U.S. Law Enforcement Takes Action

U.S. law enforcement seized two website domains connected with an AI-powered social media bot farm linked to the government of Russia, the U.S. Department of Justice (DOJ) announced on Tuesday.

According to the DOJ documents, cybercriminals use generative AI to create fake social media profiles. Many of these profiles claimed to be U.S. citizens and were used to post pro-Russian messages on Twitter.

Disruption-First Strategy

"This is a strong example of the disruption-first strategy that the Department, including the FBI, have taken when it comes to cyber and cyber-enabled threats to national security," a DOJ spokesperson told Decrypt.

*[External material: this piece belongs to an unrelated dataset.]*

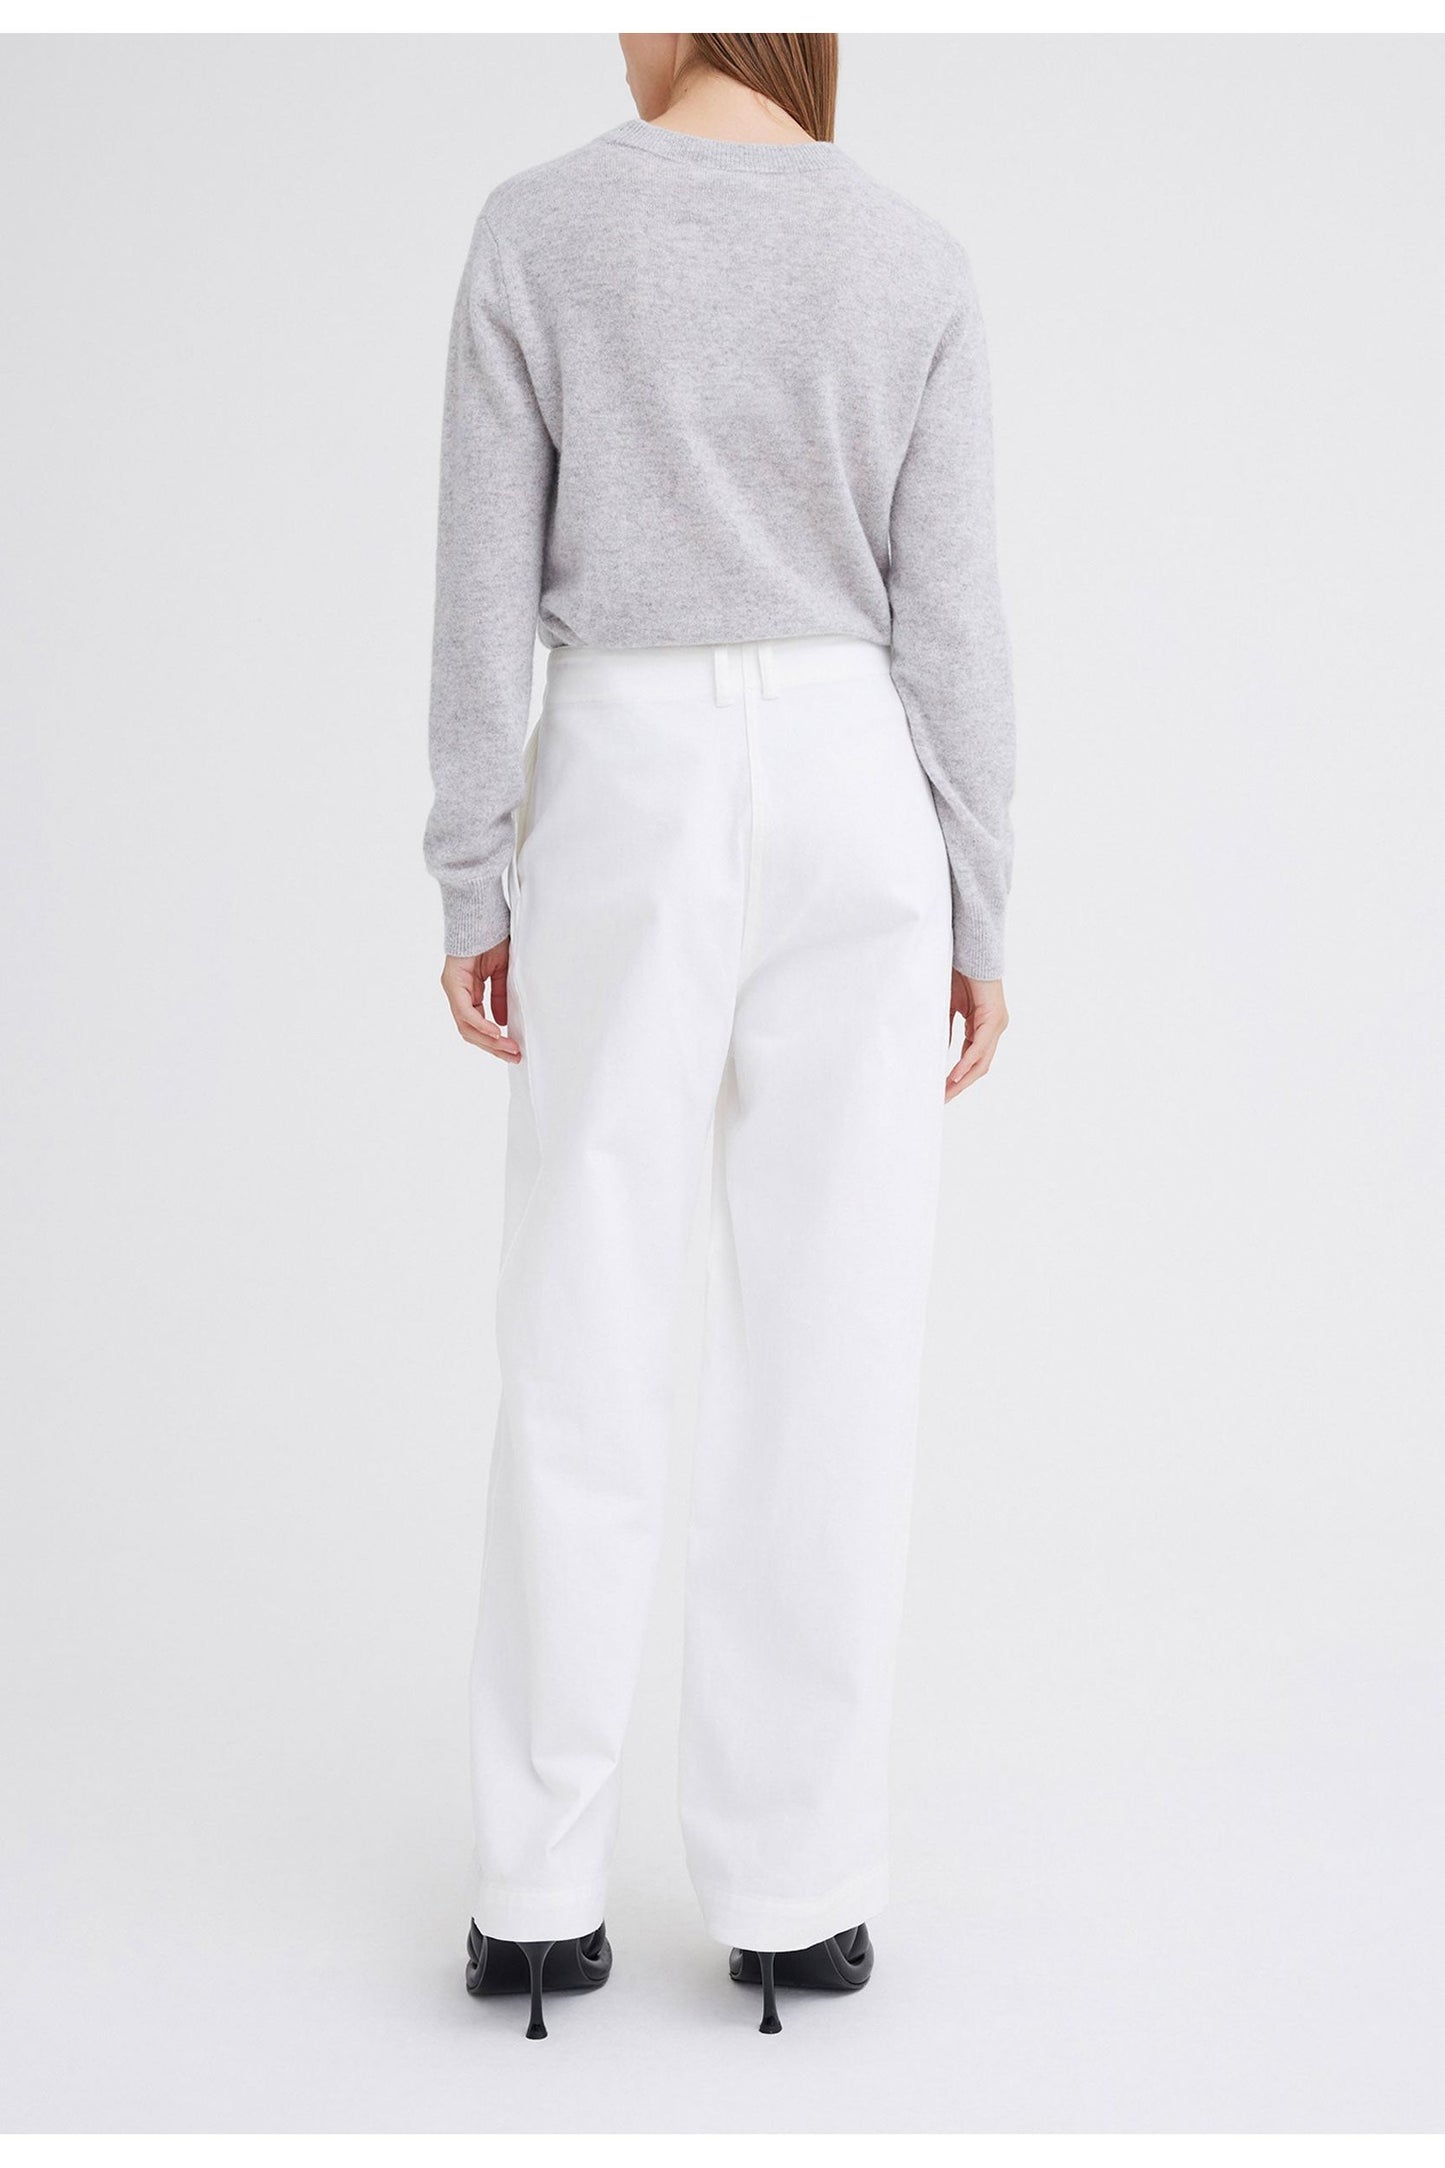 Trades Pant in White by Jac + Jack

"Russia intended to use this bot farm to disseminate AI-generated foreign disinformation," said U.S. Federal Bureau of Investigation (FBI) Director Christopher Wray. The bot farm aimed to undermine U.S. partners in Ukraine and influence geopolitical narratives favorable to the Russian government.

Technical Details

The bot farm allegedly used domains (mlrtr.com and otanmail.com) issued by Arizona-based domain provider Namecheap.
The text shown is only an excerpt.